For linked list it's 1.00 access and 1.00 miss per element. Which is understandable.

For the array it is 0.45 accesses, 33% of which are misses. And that is strange. Why 0.45 and not 0.50? And why 33% miss rate? It is as if the prefetch only loads 3 lines upon L3 miss. But in that case the performance difference wouldn't be 100 faster.

It is also clear that these counters does not explain the performance implications of L3 misses, because a miss during random memory access is apparently much more expensive than L3 miss when sequentially scanning the memory. Do you know if there is a way to count 'real' L3 misses, then a full random RAM access and page table lookup are performed?
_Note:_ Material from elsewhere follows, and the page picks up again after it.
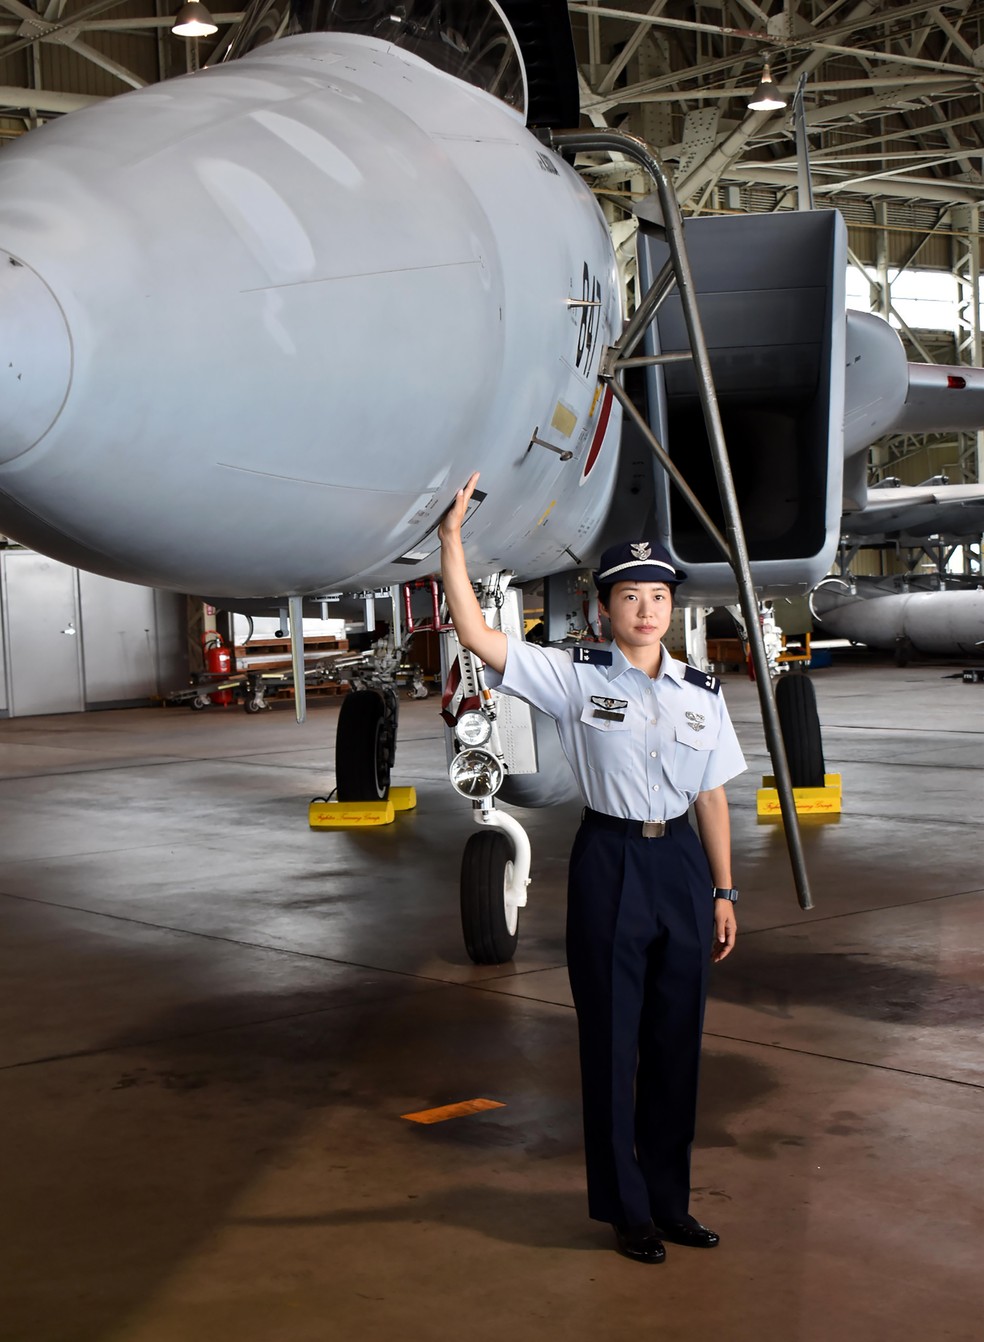 Primeira Tenente Misa Matsushima posa no cockpit de um caça de superioridade aérea F-15J na base aérea de Nyutabaru, nos arredores de Miyazaki (Foto: Jiji Press/AFP)
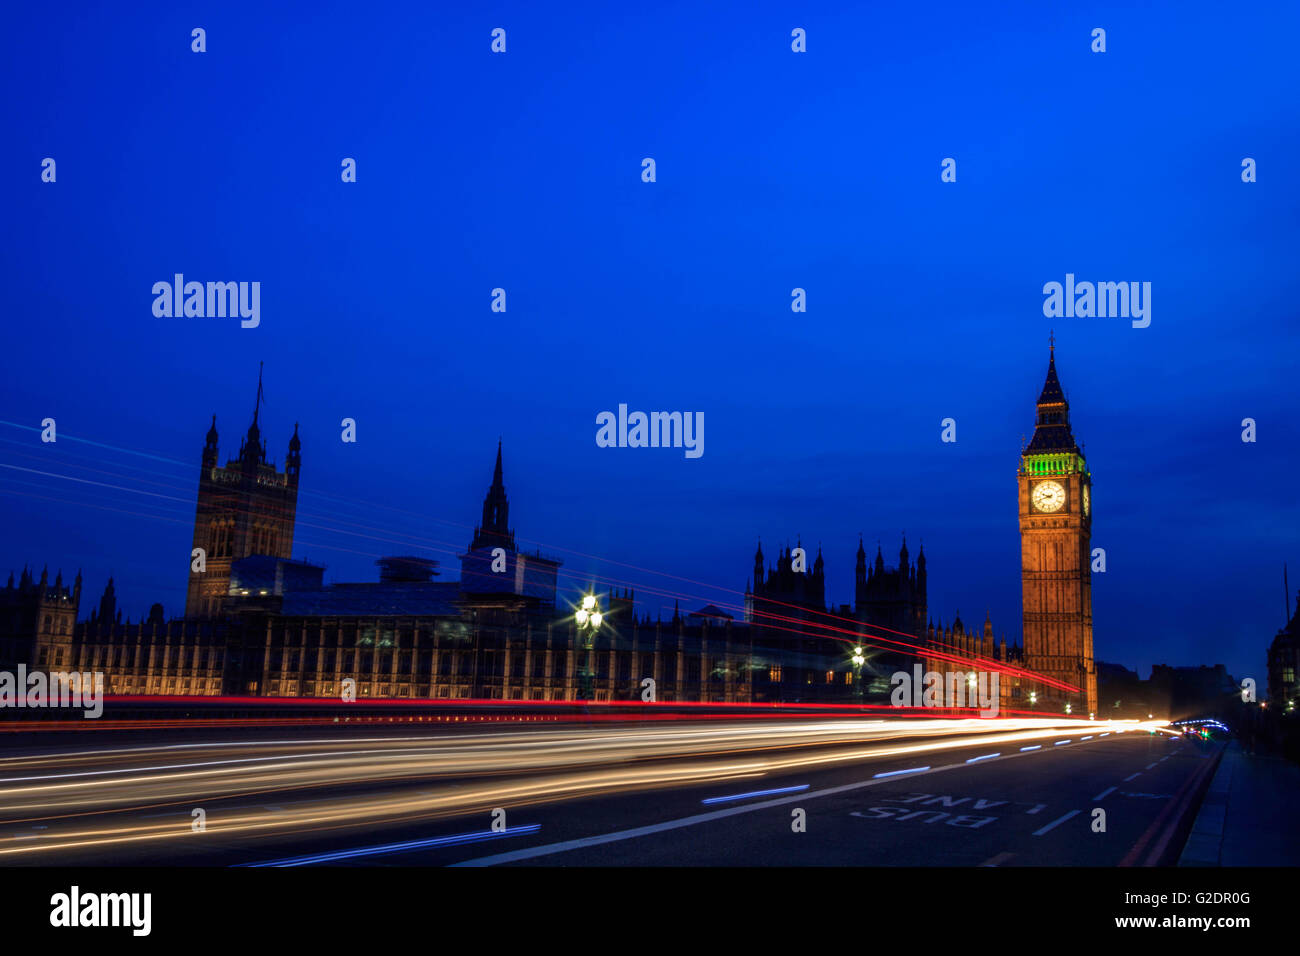 Palast von Westminster in London und dem Big Ben in der Nacht mit Fahrzeug hinterließ eine Schneise entlang der Straße, mit einem klaren blauen Himmel. Stockfoto

McCalpinJohn · ‎06-11-2015

If I understand what you are doing, the biggest difference between the two cases is concurrency. When you are traversing a linked list (or chasing a pointer chain), you will only have one outstanding load at a time. The next load can't be issued until the data from the current cache miss provides the address to the next one.

In contrast, scanning sequentially allows the processor to issue as many reads as the out-of-order hardware will support, since their addresses are all known in advance. Most recent Intel processors support 10 L1 Data Cache misses, which should give roughly a factor of 10 improvement in performance. Sequential accesses also enable the L2 streaming prefetcher to fetch data into the L3 and/or the L2 in advance, which reduces the average time per load further.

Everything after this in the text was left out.